# Merry Christmas!!!



## HollowbeadRanch (Oct 5, 2007)

I just wanted to take the time to wish everyone a VERY Merry Christmas!!! I won't be on the forum very much for Christmas Eve and Christmas Day. We have TONS of family stuff going on, so me and Hubby will be running back and forth to different places! So I will "see" everyone after Thursday! Merry Christmas!


----------



## KW Farms (Jun 21, 2008)

Have a wonderful Christmas!!! :snow:


----------



## Epona142 (May 26, 2008)

Merry Christmas! 

This was day one of my three day Christmas. :hair: 

I can't wait for things to be back to normal!


----------



## HollowbeadRanch (Oct 5, 2007)

LOL! I have been baking all day! So I am EXHAUSTED! The good part is I got all gifts ready and I am now done with my baking.... so now all I have to do is enjoy Christmas


----------



## StaceyRosado (Oct 5, 2007)

Merry Christmas Right back at you! 

I am excited because I am off tomorrow :leap: :leap: (unless my boss is sicker then she was today - I told her to call me in! no need for her to miss christmas because she decided to go into work sick)


----------



## Epona142 (May 26, 2008)

Look what I made, I'm so silly.










That's a picture I took when it SNOWED here in Texas a couple weeks okay. I just made it prettier. :greengrin:


----------



## lacy_94 (Oct 7, 2007)




----------



## sweetgoats (Oct 18, 2007)

I hope everyone has a very safe and Merry Christmas.

I am sure there will be a lot of traveling going on so PLEASE be careful, I know the roads are really bad in some parts of the US.

I will be on here checking in but I will be in and out today but I BELIEVE home all day tomorrow. (Unless we go to a movie).

If anyone needs help please feel free to call me 719-440-1623.

Merry Christmas everyone.
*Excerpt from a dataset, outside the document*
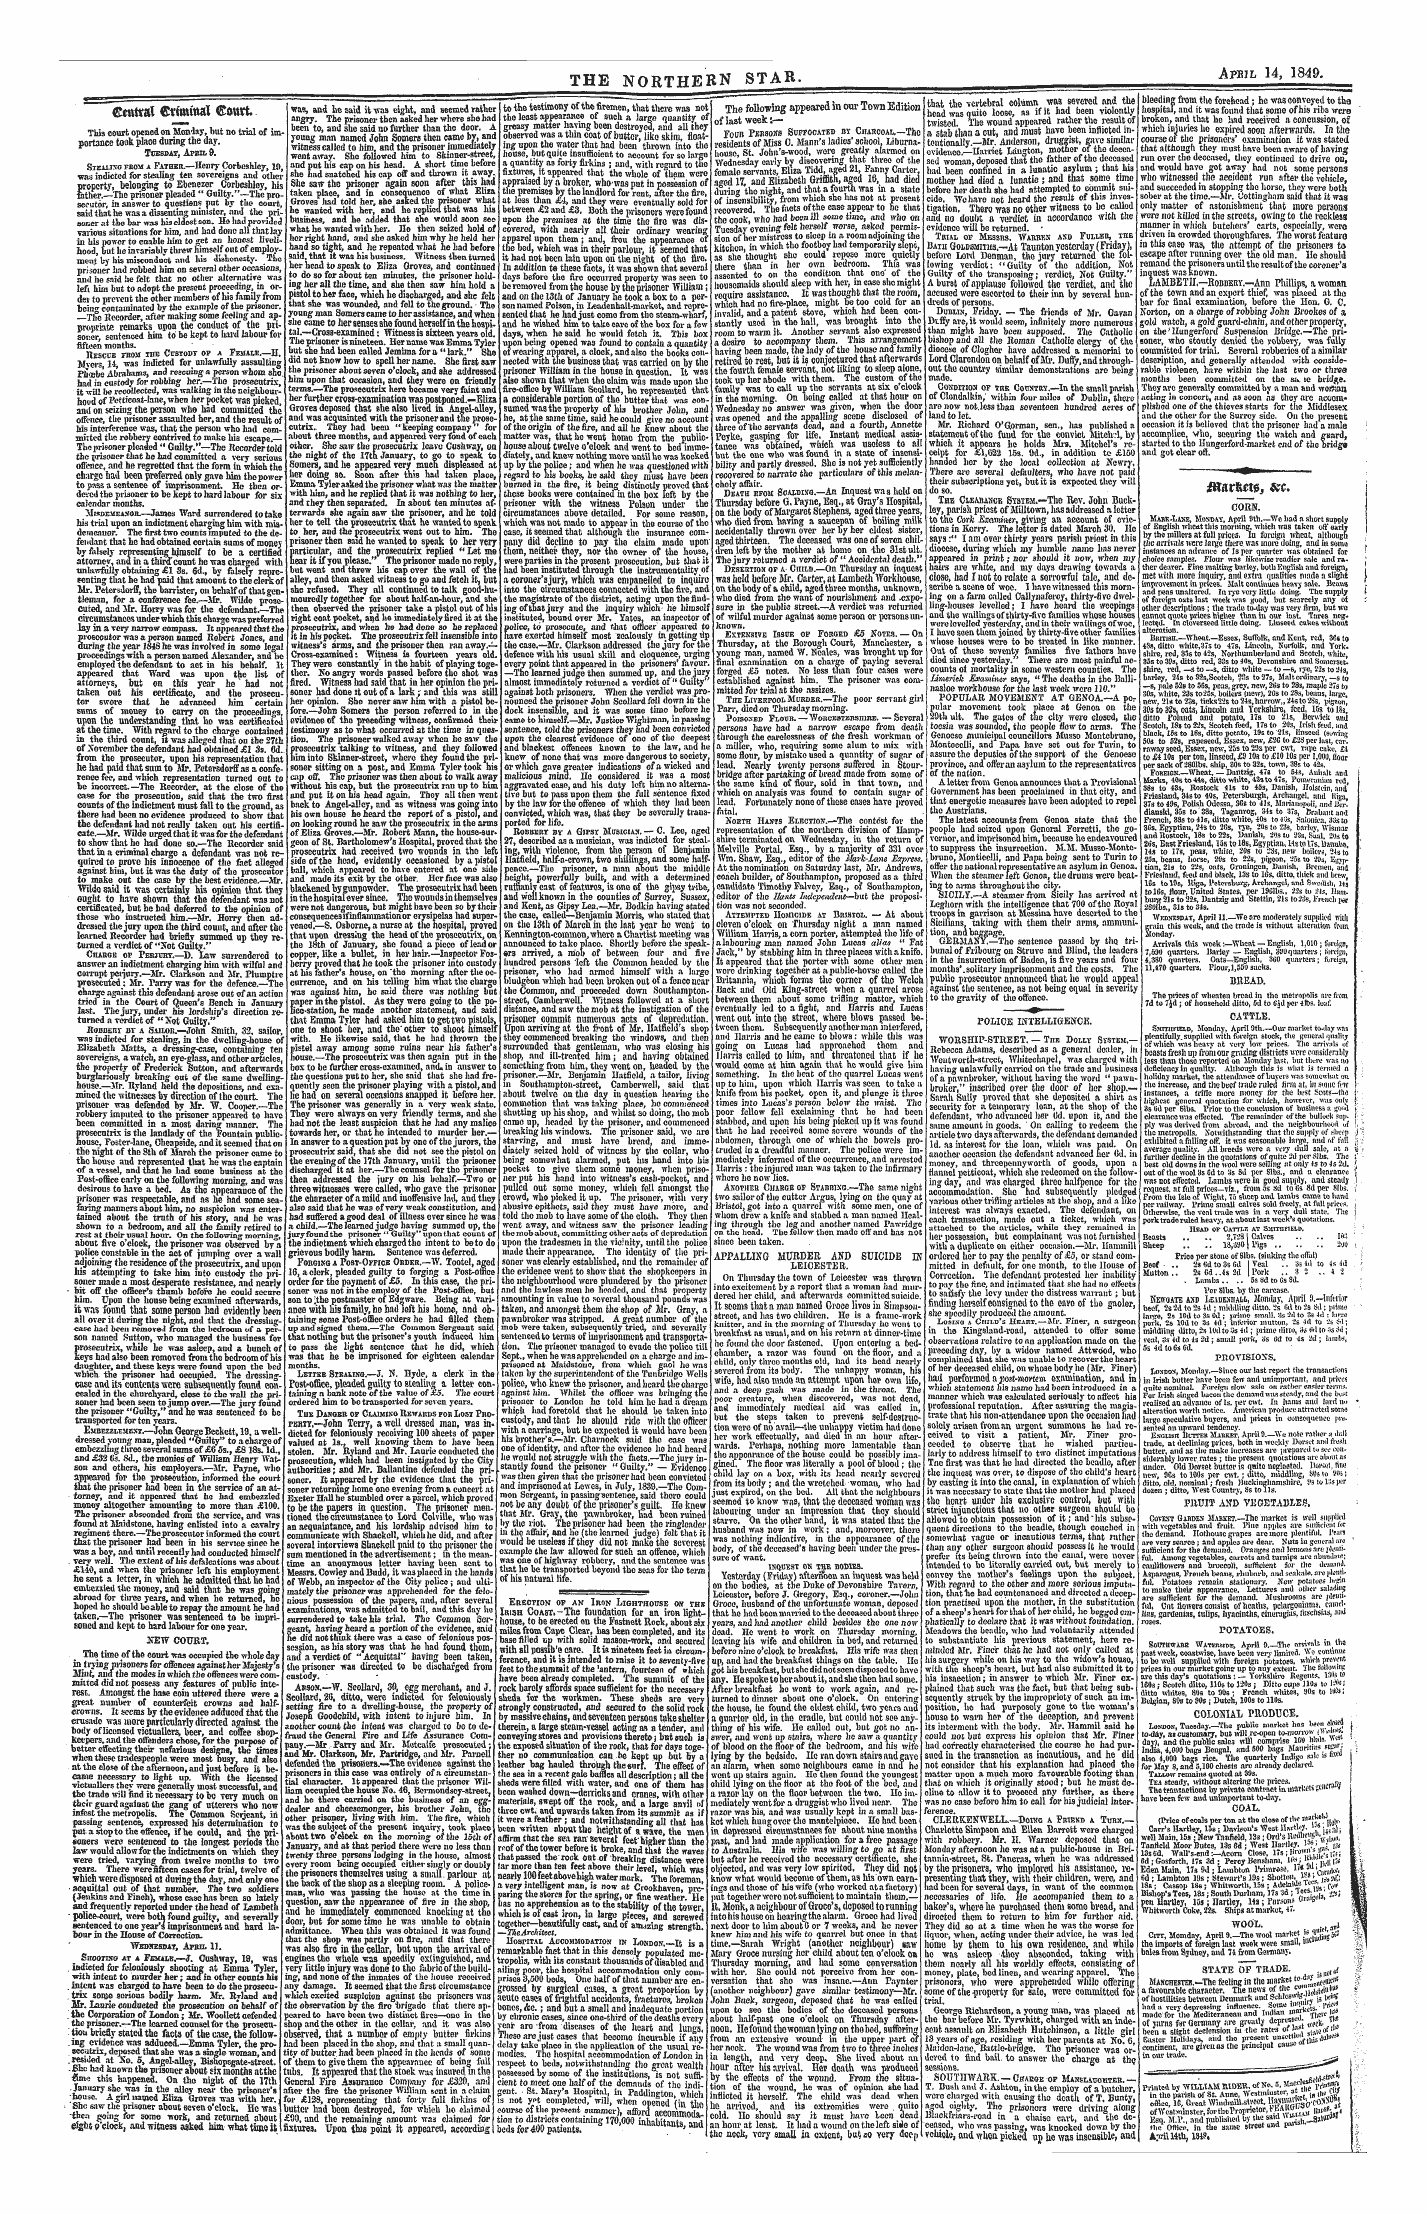 Northern Star (1837-1852): jS F Y, 1st edition - Vi Fflavitet$ 3 «X.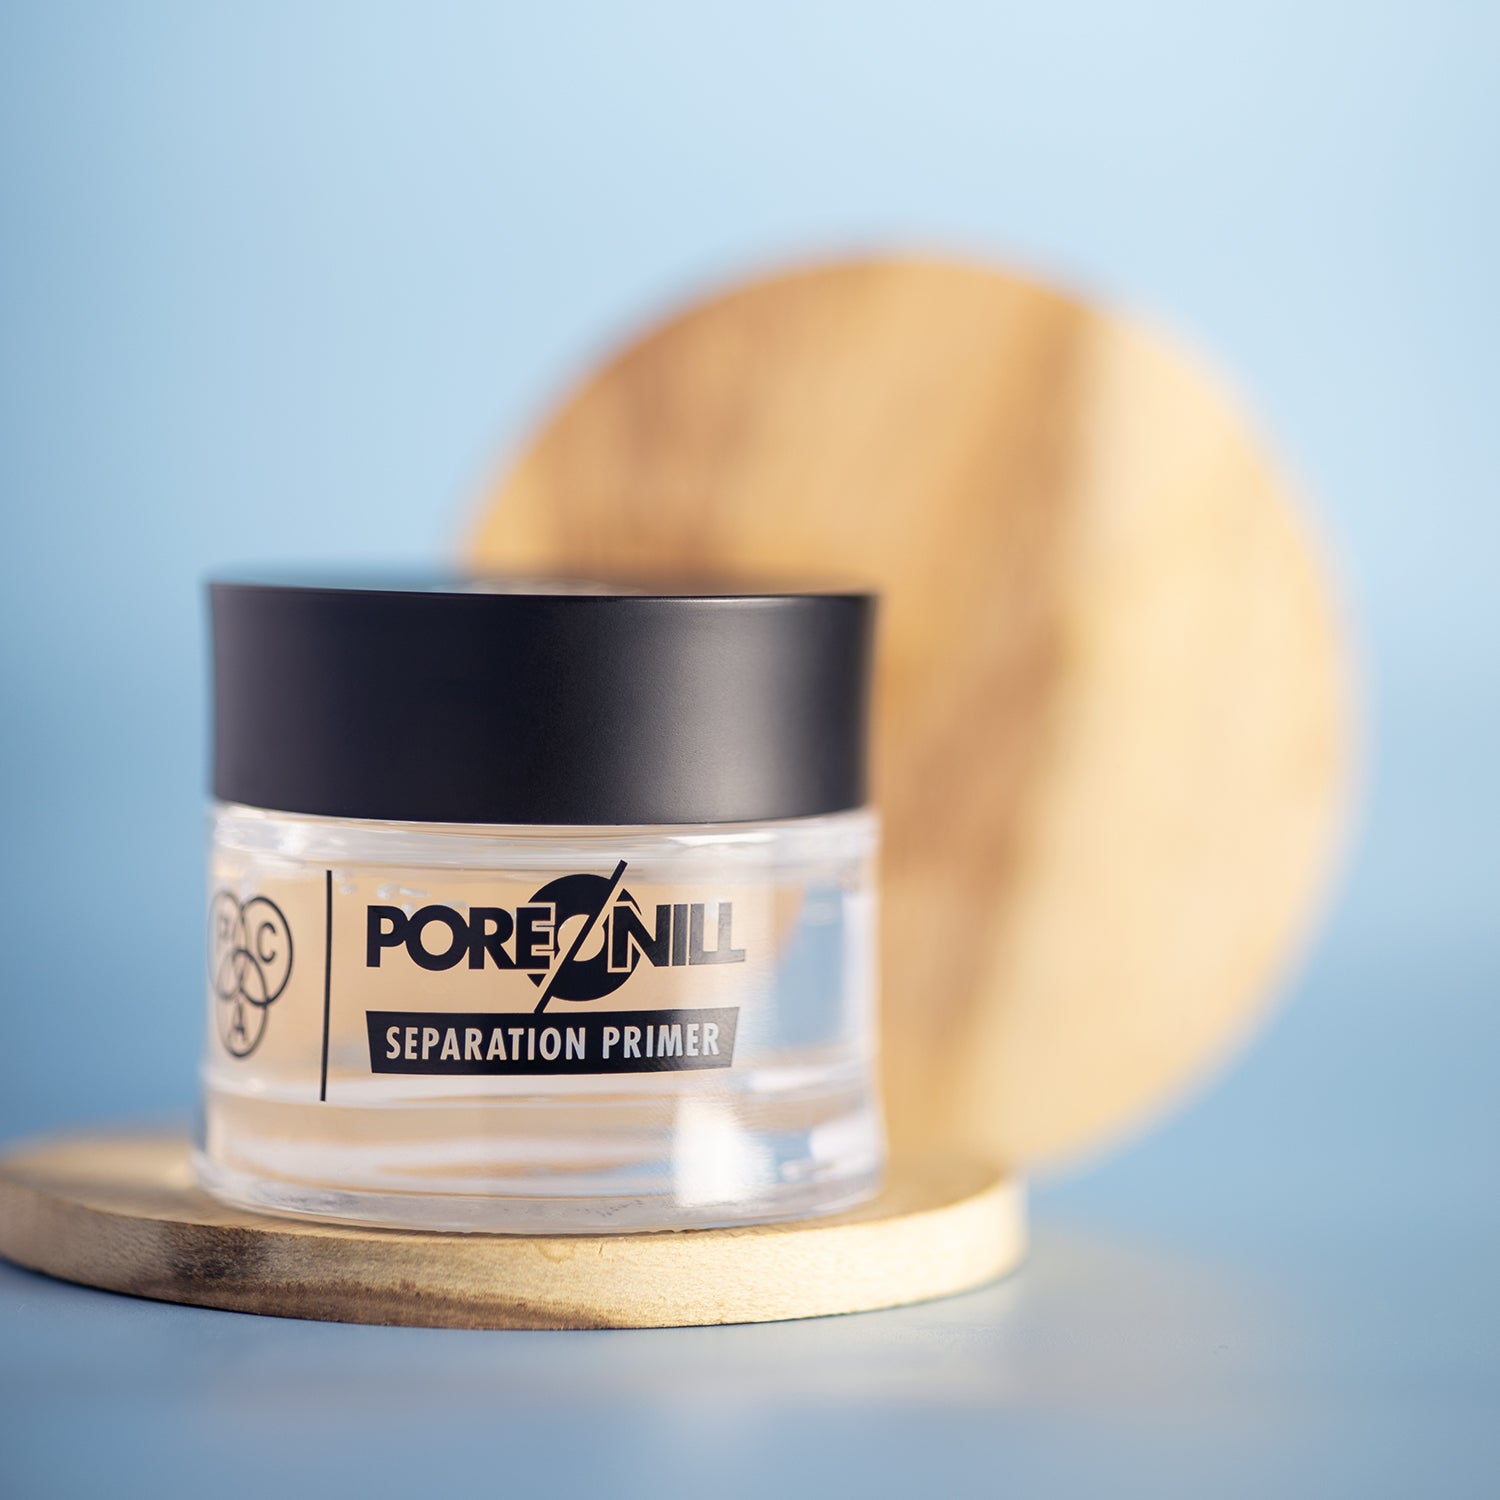 PAC Cosmetics Pore-O-Nill Separation Primer (35 gm) (Gel Based)

Hope Santa is good to you all.


----------



## liz (Oct 5, 2007)

*MERRY CHRISTMAS*

Wishing all of you a wonderful time spent with family and friends....and to remember to count your blessings and say a prayer for those who may have difficulties enjoying the Holidays :hug:


----------



## Amos (Oct 2, 2008)

Thankyou

Merry Christmas Everyone!

I hope everyone has a very merry and jolly time.

I really like you're tree Epona.


----------



## greatcashmeres (Jul 13, 2008)

Merry Christmas and Happy Holidays everyone.

My wishes for a very special day/days with family and friends.  For those who have been cooking and baking galore, don't forget to sit and relax too.

And yes, as Liz said, if the holidays are difficult for anyone, please know that others are thinking of you. ray:

Thank you for the pretty trees!


----------



## fritzie (Oct 6, 2007)

:gift: MERRY CHRISTMAS every one. may every one have a healthy,safe & fun christmas.


----------



## Epona142 (May 26, 2008)

Thanks Amos


----------